Glen Gould, New York Philharmonic, Leonard Bernstein – Ludwig van Beethoven – Piano Concerto No. 4 (1961/2015)
DSF Stereo DSD128/5.64 MHz | Time – 37:25 minutes | 2,95 GB
FLAC (tracks) 24-bit/96 kHz | Time – 37:25 minutes | 745 MB
Studio Masters, Official Digital Download – Source: HDTT | Booklet, Front Cover |  © High Definition Tape Transfers
Genre: Classical | Recorded: 03/20/1961, Manhattan Center, New York; Transferred from Columbia 4-track tape

Beethoven’s Piano Concerto No. 4 was the piece with which Glenn Gould made his orchestral debut when he was 13, and he performed it more often than any of the composer’s other concertos. This recording, with Leonard Bernstein conducting the New York Philharmonic, was made in 1961. Gould’s performance is thoughtful, nuanced, and not at all eccentric. What’s most striking about his playing is the degree to which he’s able to bring out the individuality of the contrapuntal lines. His performance is extremely graceful. The opening of the first movement is luxuriantly fluid and sensuous, and the rhythmically driven sections are delicate and cleanly articulated.

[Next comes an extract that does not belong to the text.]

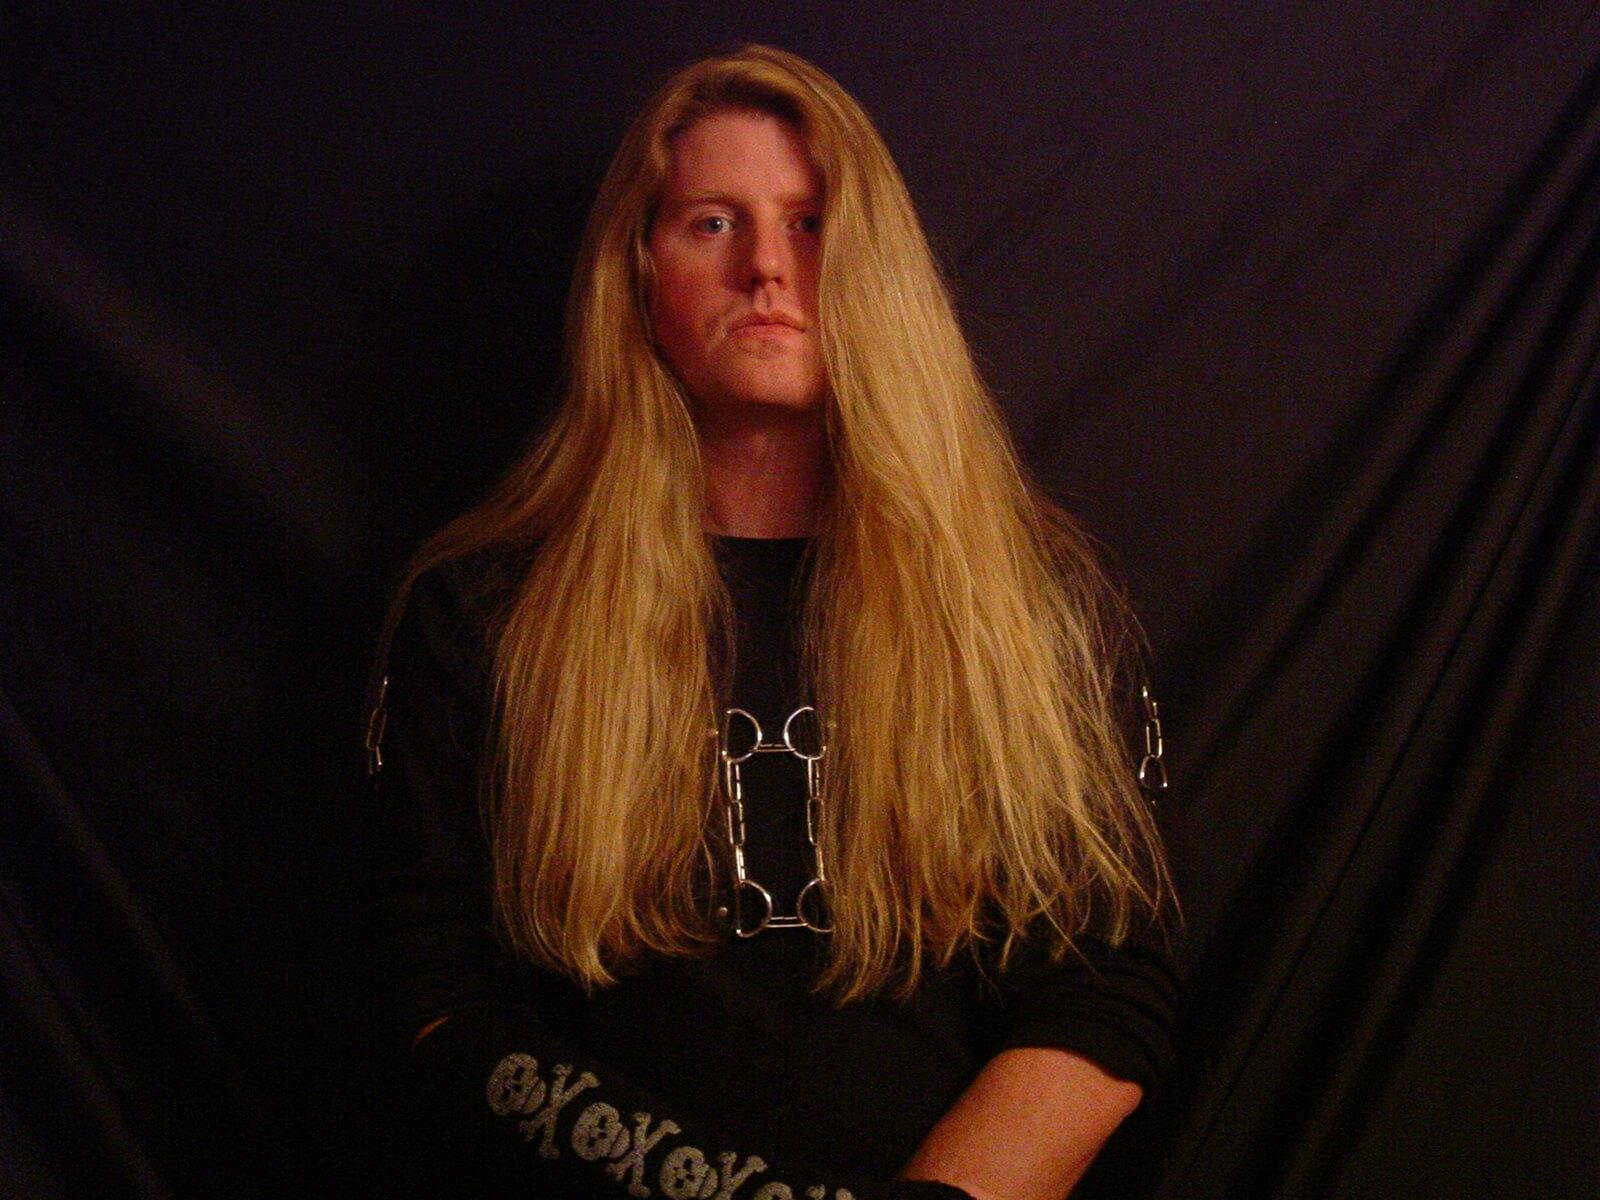 Tom McDyne with DOCTRINE at the PROGPOWER USA photo-shoot

It’s an understated performance that perfectly suits the character of this most subtle of Beethoven’s piano concertos and Gould hides the work’s technical demands by making the music seem effortless and spontaneous. Bernstein leads a soulful reading that’s not at all flashy, which reveals the work’s substance without putting a hugely individualistic stamp on it. The New York Philharmonic’s sound is warm and full, and the playing is absolutely secure. Gould’s characteristic humming is occasionally audible, but at such a low level that only the purist who demands absolutely clean sound is likely to be offended. A minor quibble: the CD only lasts a little over 35 minutes, and since Sony is reissuing all Gould’s Columbia recordings, it would have made sense to pair the concerto with another piece to fill out the disc.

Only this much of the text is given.